Okazuje się, że ambasada Izraela jednak zgłaszała zastrzeżenia co do procedowanego w Polsce prawa. Uwagi polityków z Izraela nie dotyczyły jednak nowelizacji ustawy dotyczącej IPN-u, tylko…ustawy repreywatyzacyjnej.
– Od roku przyjmuję przedstawicieli ambasady Izraela z protestami przeciw ustawie reprywatyzacyjnej, w tym również panią ambasador, właśnie z protestami przeciwko ustawie reprywatyzacyjnej. Nie mogę zdradzać szczegółów. Ta ustawa nie budzi zadowolenia Izraela – zdradził polityk.

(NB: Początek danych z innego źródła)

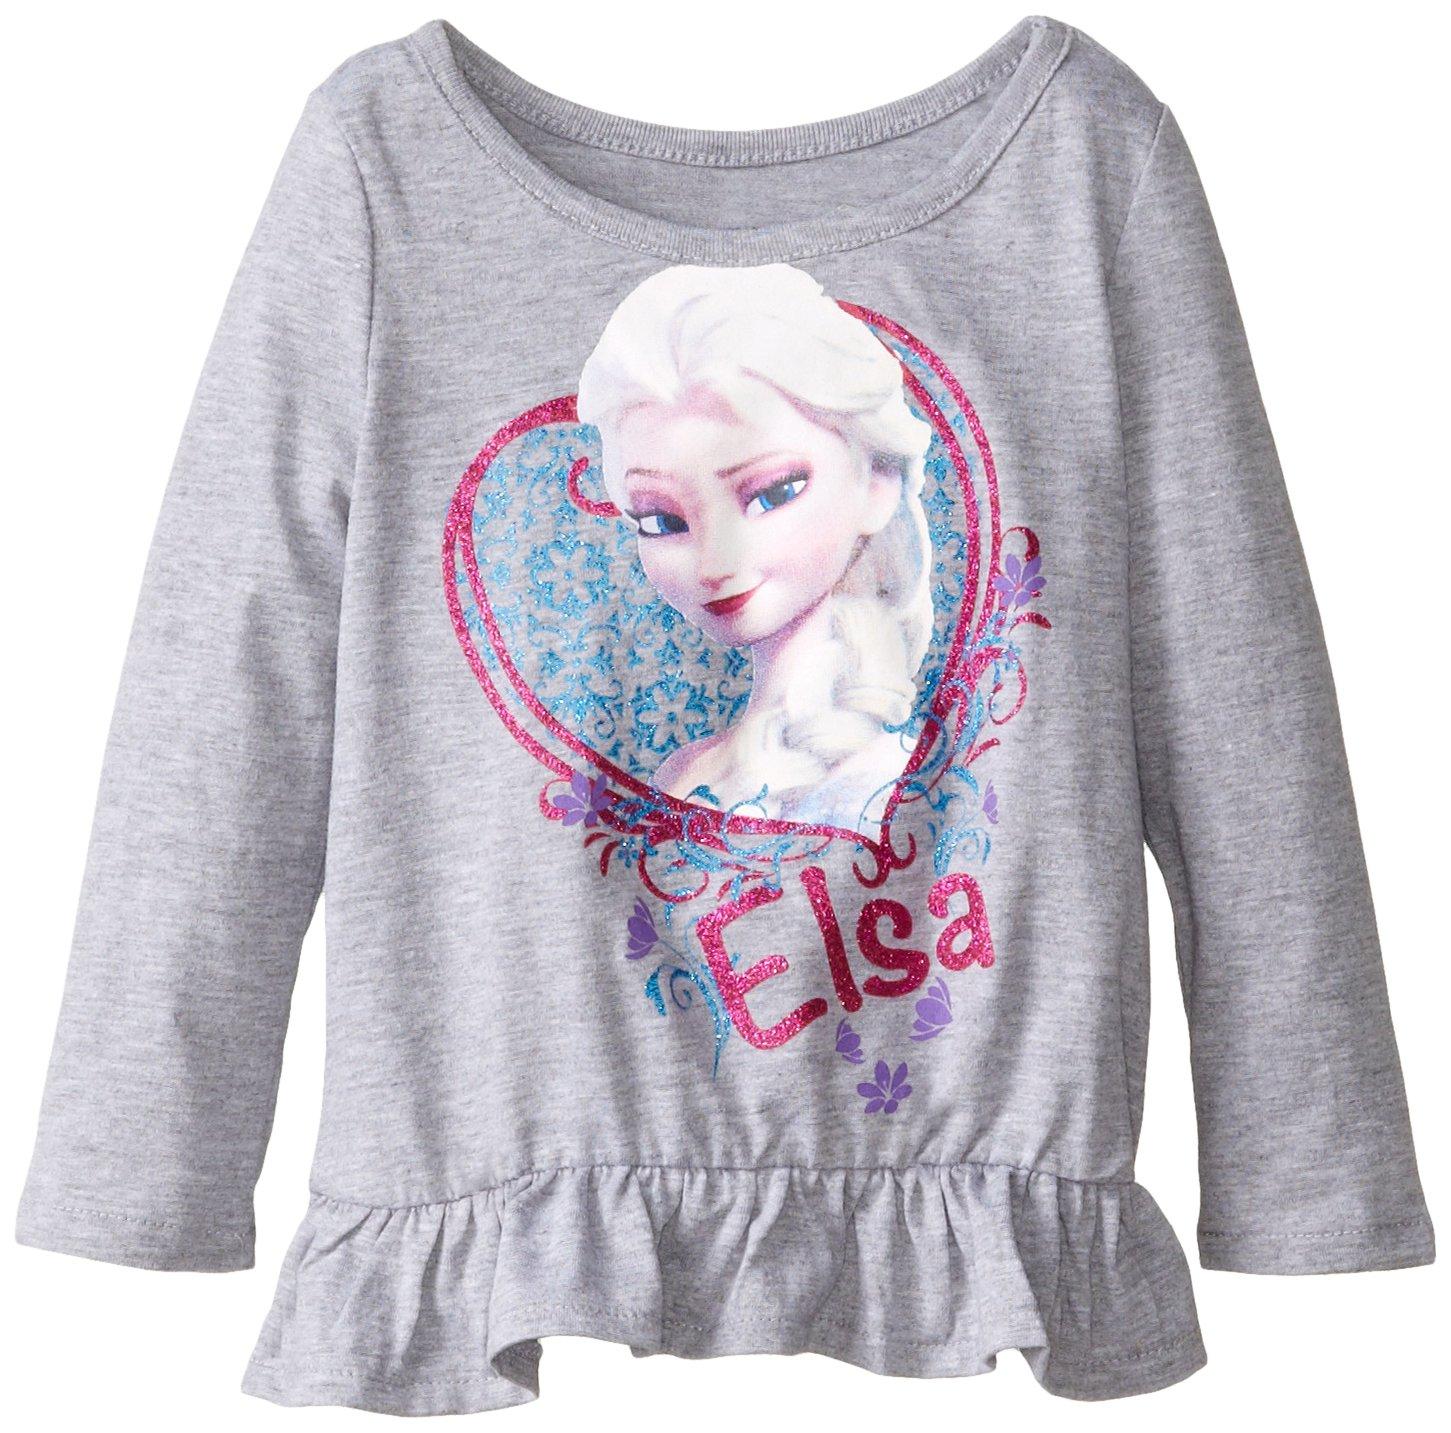 Frozen Little Girls' Toddler Elsa Girls Long Sleeve Peplum Top, Heather Grey, 4T

Oprócz sprawy reprywatyzacji Patryk Jaki odniósł się również do ostatnich reakcji Izraela na nowelizację ustawy o IPN. Jaki zapewnił, że politycy partii rządzącej nie planują wprowadzać do niej żadnych zmian.
Nie będzie żadnych zmian
– Muszę powtórzyć słowa rzecznik Beaty Mazurek, że nie będzie żadnych zmian w ustawie, bo uważam, że ten przepis jest dobrze napisany. Najlepszym dowodem na to jest, że przez 1,5 roku nikt nie zaproponował innych zapisów – mówił.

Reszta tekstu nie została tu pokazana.